Abstract
Purpose :
To determine intraocular pressure (IOP) changes in the fellow eye during the early postoperative period after Ahmed glaucoma valve surgery in a prospective cohort study.
Methods :
This study followed patients undergoing Ahmed glaucoma valve surgery by a single surgeon at University of California, San Francisco between May 2013 and August 2014. IOP, visual acuity and medications were collected at the preoperative visit (baseline) and at postoperative weeks 1-2, 4, 6, 8 and 12. Patients were continued on their scheduled medications for the fellow eye postoperatively. The primary outcome was longitudinal difference in IOP of the fellow eye compared to baseline over the postoperative 12 weeks.

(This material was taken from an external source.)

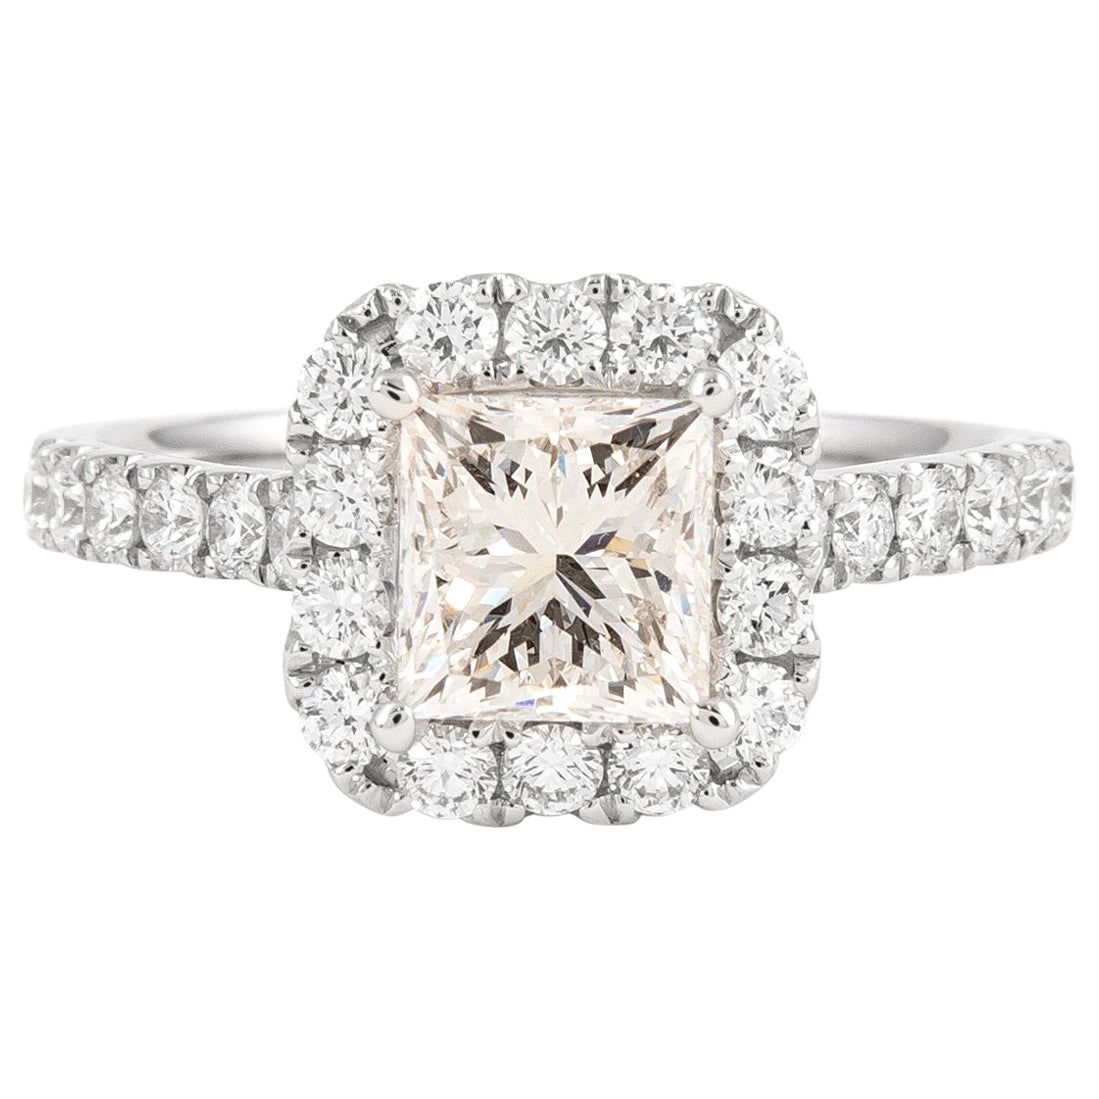 Alexander G VS1 1.30 Carat Princess Cut Diamond Ring 18k White Gold For Sale

Data was analyzed using a longitudinal, linear mixed effects regression adjusting for use of glaucoma medications.
Results :
Of the 65 patients enrolled, the majority had primary open-angle glaucoma (POAG; 51%), followed by uveitic glaucoma (29%). Fellow eyes had a significant mean increase in IOP at weeks 1-2 (2.1mmHg, SD 4.9, P=0.003), 4 (1.9mmHg, SD 4.0, P<0.001), 6 (1.5mmHg, SD 5.0, P=0.006) and 8 (0.93mmHg, SD 4.3, P=0.02) compared to baseline. There was no significant IOP elevation at week 12. Longitudinal analysis showed that fellow eyes had a significant increase in IOP from baseline (P = 0.001). Subgroup analysis demonstrated that patients with steroid-sensitive glaucoma (uveitic, post-corneal transplant, post-steroid injection) had a significant increase in IOP of the fellow eye from baseline compared to POAG or primary angle closure glaucoma (PACG; P=0.008). The most significant difference in mean change in IOP was observed at week 2 in patients with steroid-sensitive glaucoma (4.5mmHg, SD 5.8) compared to POAG or PACG (0.2mmHg, SD 3.2, P<0.001).
Conclusions :
In our analysis, patients undergoing Ahmed valve surgery had a transient but significant elevation in IOP of the fellow eye during the immediate postoperative period. This effect was mainly observed in patients with steroid-sensitive glaucoma as they may have an exaggerated response to steroids. This study highlights the importance of IOP monitoring in both eyes following Ahmed valve surgery. In steroid-sensitive patients, the potential risk of postoperative IOP elevation in the fellow eye should be discussed when considering Ahmed valve surgery.
This is an abstract that was submitted for the 2016 ARVO Annual Meeting, held in Seattle, Wash., May 1-5, 2016.